Khariton Daurovich Agrba () is a Russian professional boxer who has held the WBA Continental super-lightweight title since June. As an amateur he won a silver medal at the 2019 European Games.

Amateur career 
During an amateur career in which he compiled a record of 305–16, Agrba was a two-time runner up at the Russian National Championships; won gold medals at the 2016 World University Championships and 2018 Strandzha Cup; and silver medals at the 2019 European Games and 2019 Boxing World Cup.

Professional career
Agrba made his professional debut on 13 December 2019, scoring a six-round unanimous decision (UD) victory over Shokhrukh Abdiev at Manezh in Vladikavkaz, Russia.
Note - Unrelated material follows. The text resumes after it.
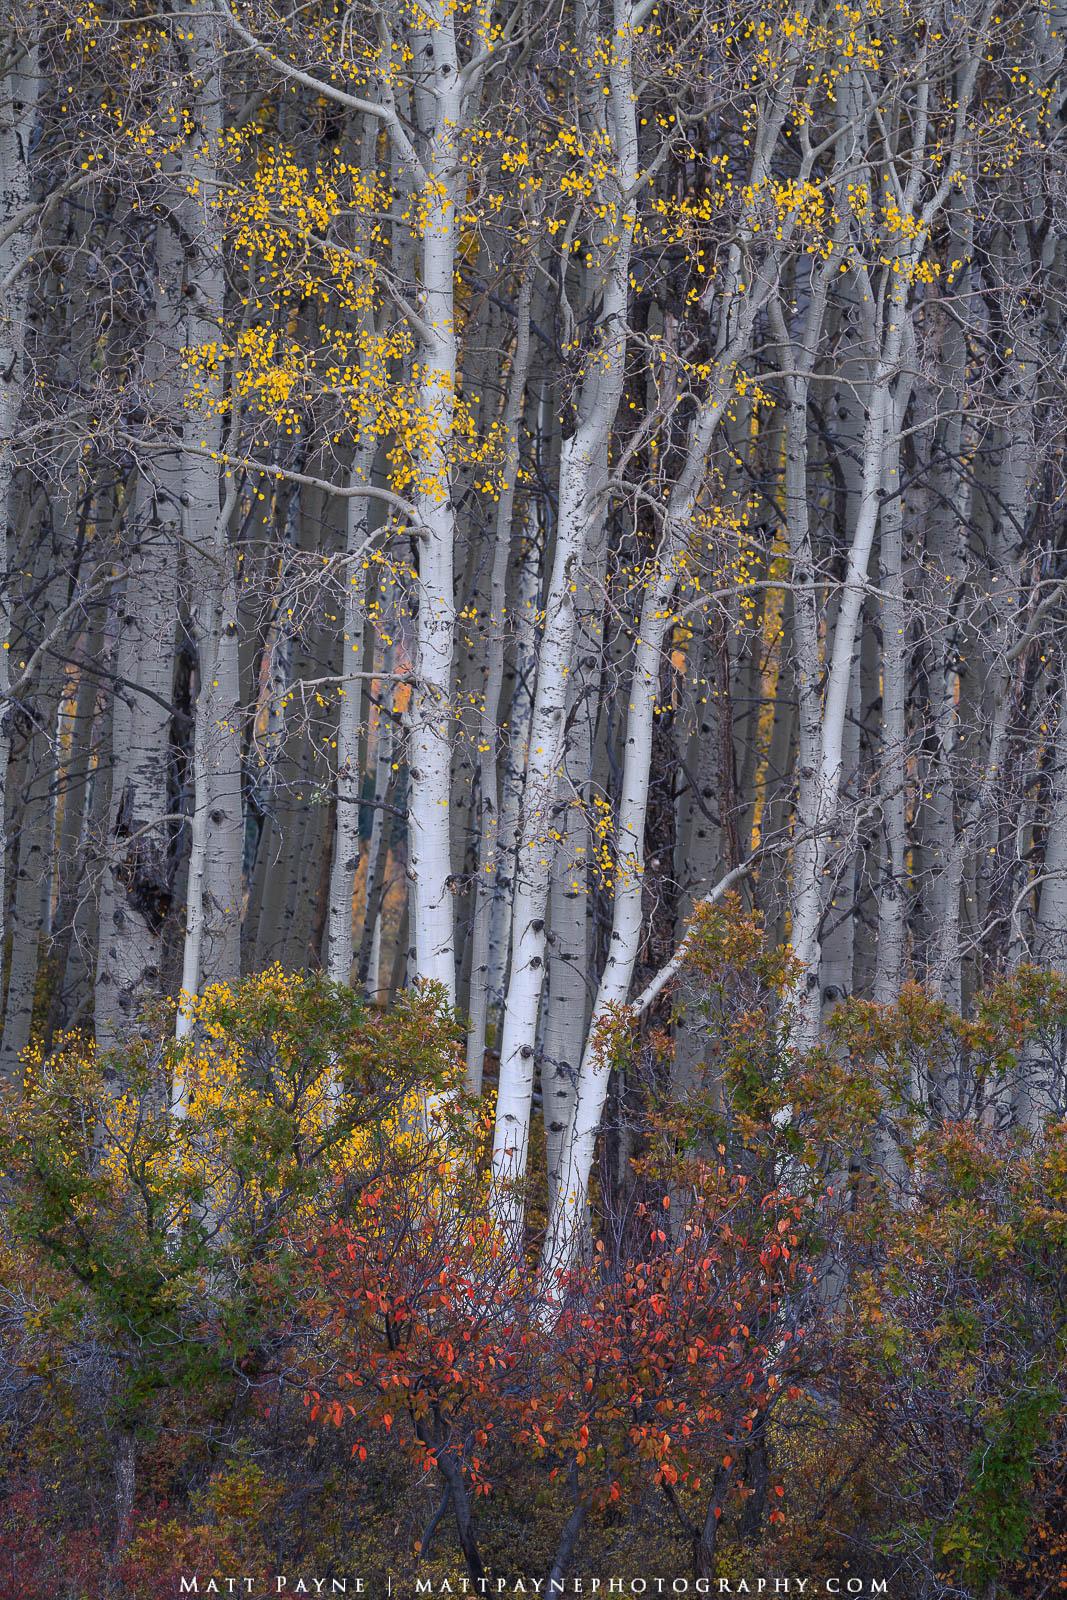 Aspen Trees, Autumn, Colorado, Fall, Fall Colors, Foliage, Landscape, San Juan Mountains, aspen leaves, colorful, landscape photography, photo

He won his first professional title in his next fight, the WBA Fedecaribe welterweight title, after defeating Flavio Cesar Ramos via third-round stoppage by corner retirement (RTD) on 7 February 2020 at the Roberto Durán Arena in Panama City. He moved down in weight for his next fight, facing Manuk Dilanyan for the vacant WBA Continental super-lightweight title on 15 June 2020 at the Soviet Wings Sport Palace in Moscow. Agrba captured his second WBA regional title in a shutout UD victory, with all three judges scoring the bout 100–90.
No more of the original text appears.